Your instructions
The reply must repeat the listing below exactly and carry none of its pictures.

Dataset excerpt

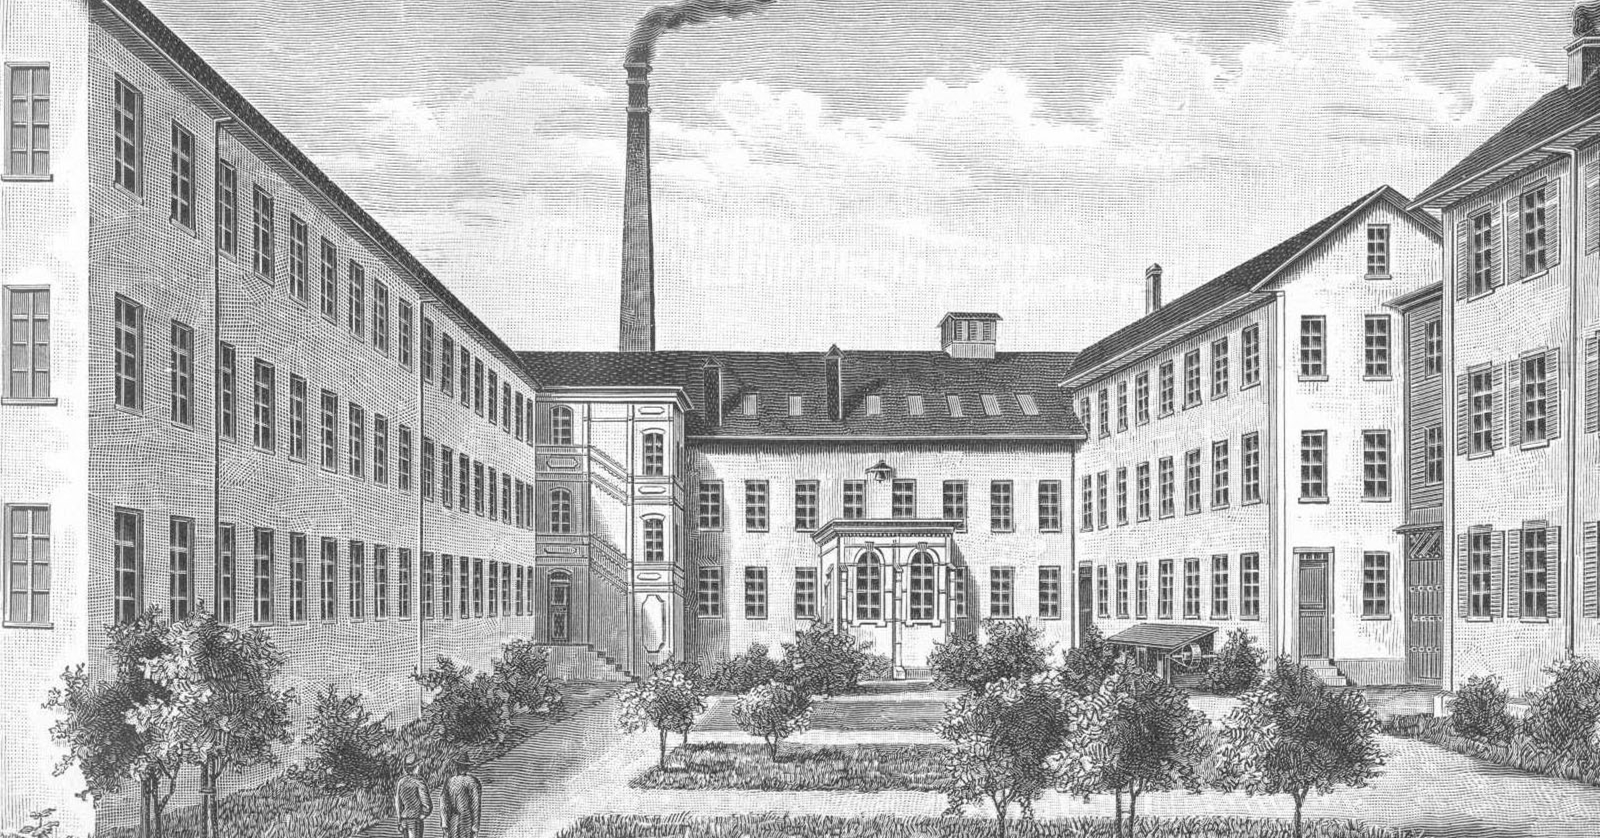 Papieri Biberist Fabrikhof 1865
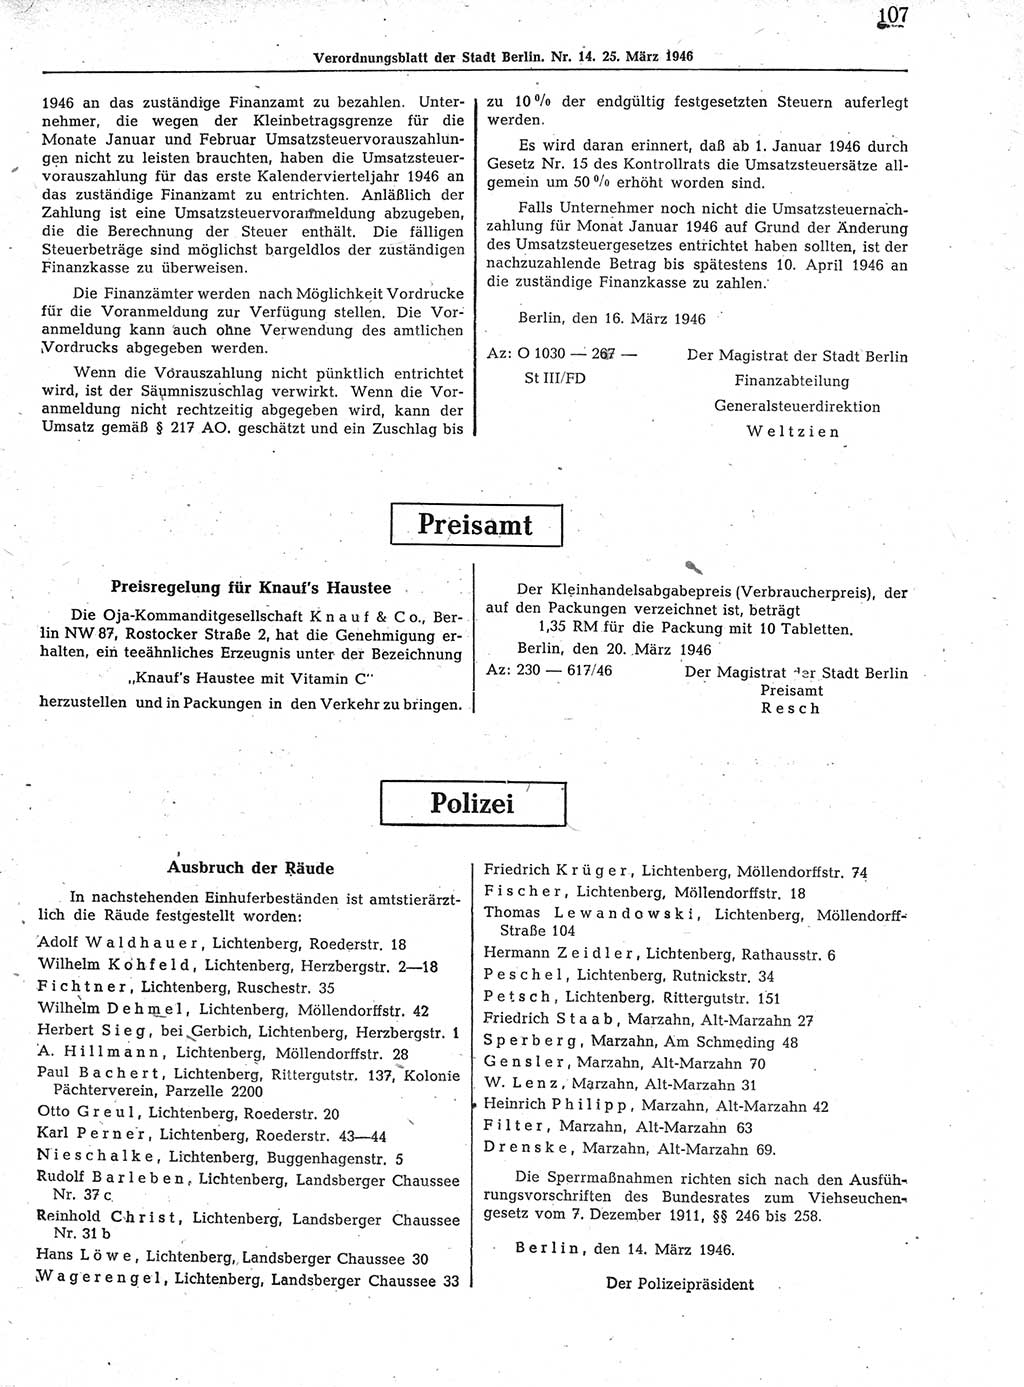 Verordnungsblatt (VOBl.) der Stadt Berlin, für Groß-Berlin 1946, Seite 107 (VOBl. Bln. 1946, S. 107)
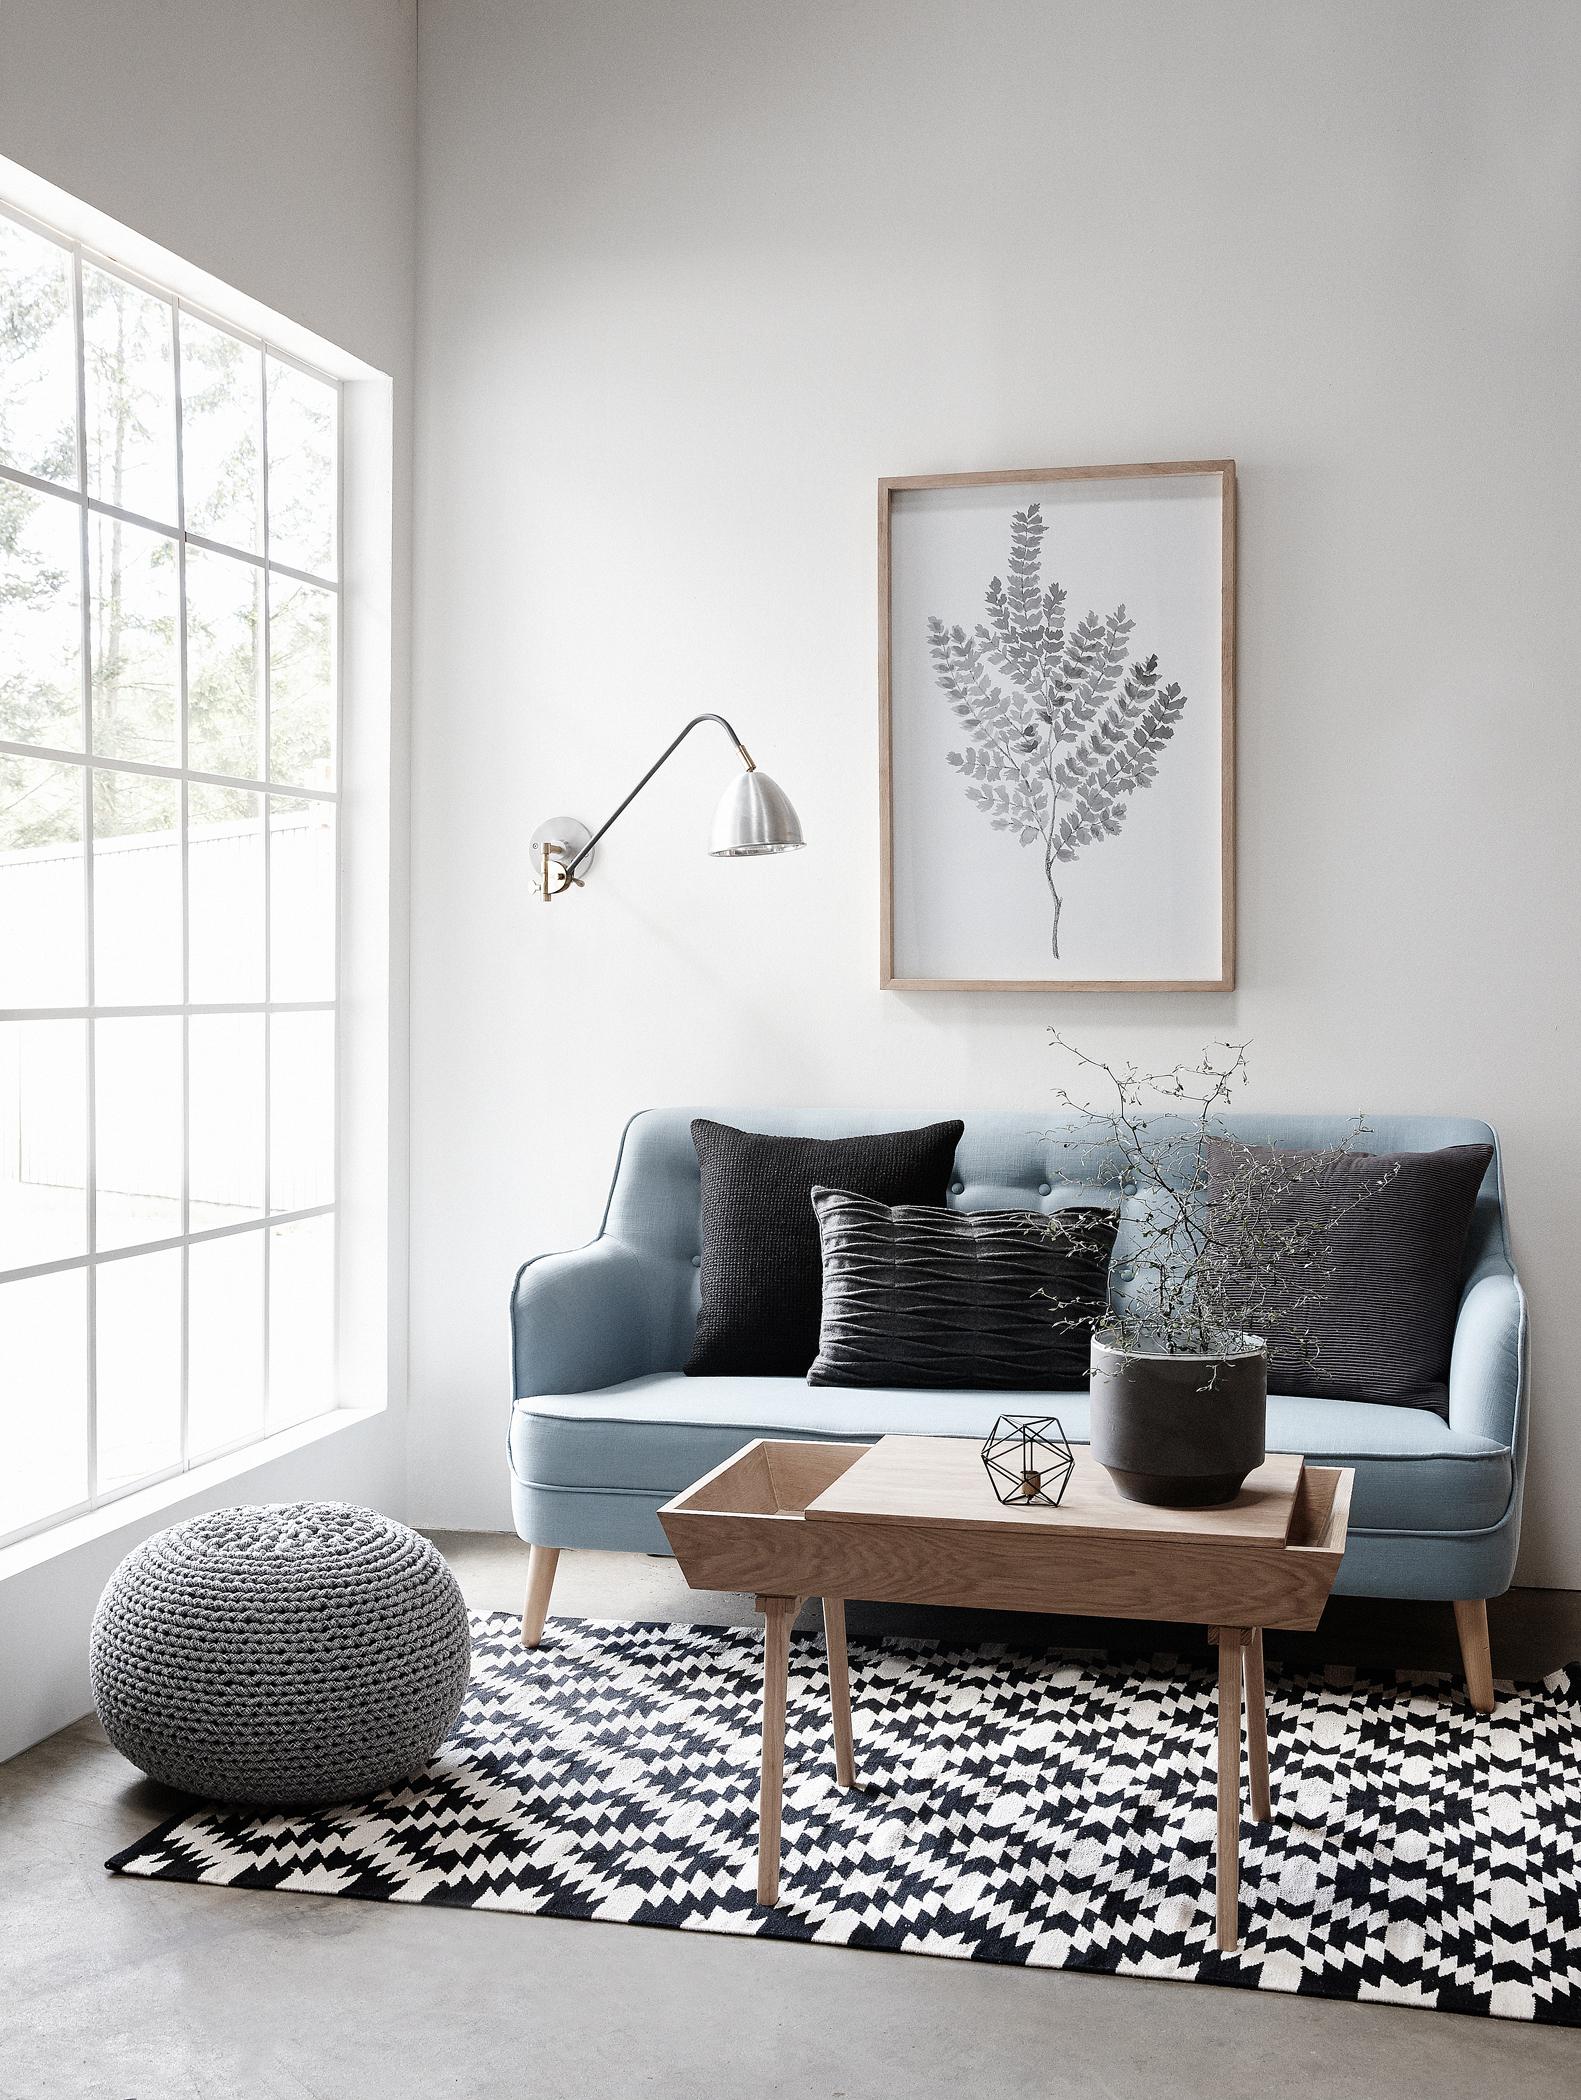 Skandinavischer Look im Wohnzimmer #couchtisch #holzmöbel #teppich #pouf #wandleuchte #sofa #blauessofa #zimmergestaltung ©Car Möbel

Exercise result
 Papieri Biberist Fabrikhof 1865
 Verordnungsblatt (VOBl.) der Stadt Berlin, für Groß-Berlin 1946, Seite 107 (VOBl. Bln. 1946, S. 107)
 Skandinavischer Look im Wohnzimmer #couchtisch #holzmöbel #teppich #pouf #wandleuchte #sofa #blauessofa #zimmergestaltung ©Car Möbel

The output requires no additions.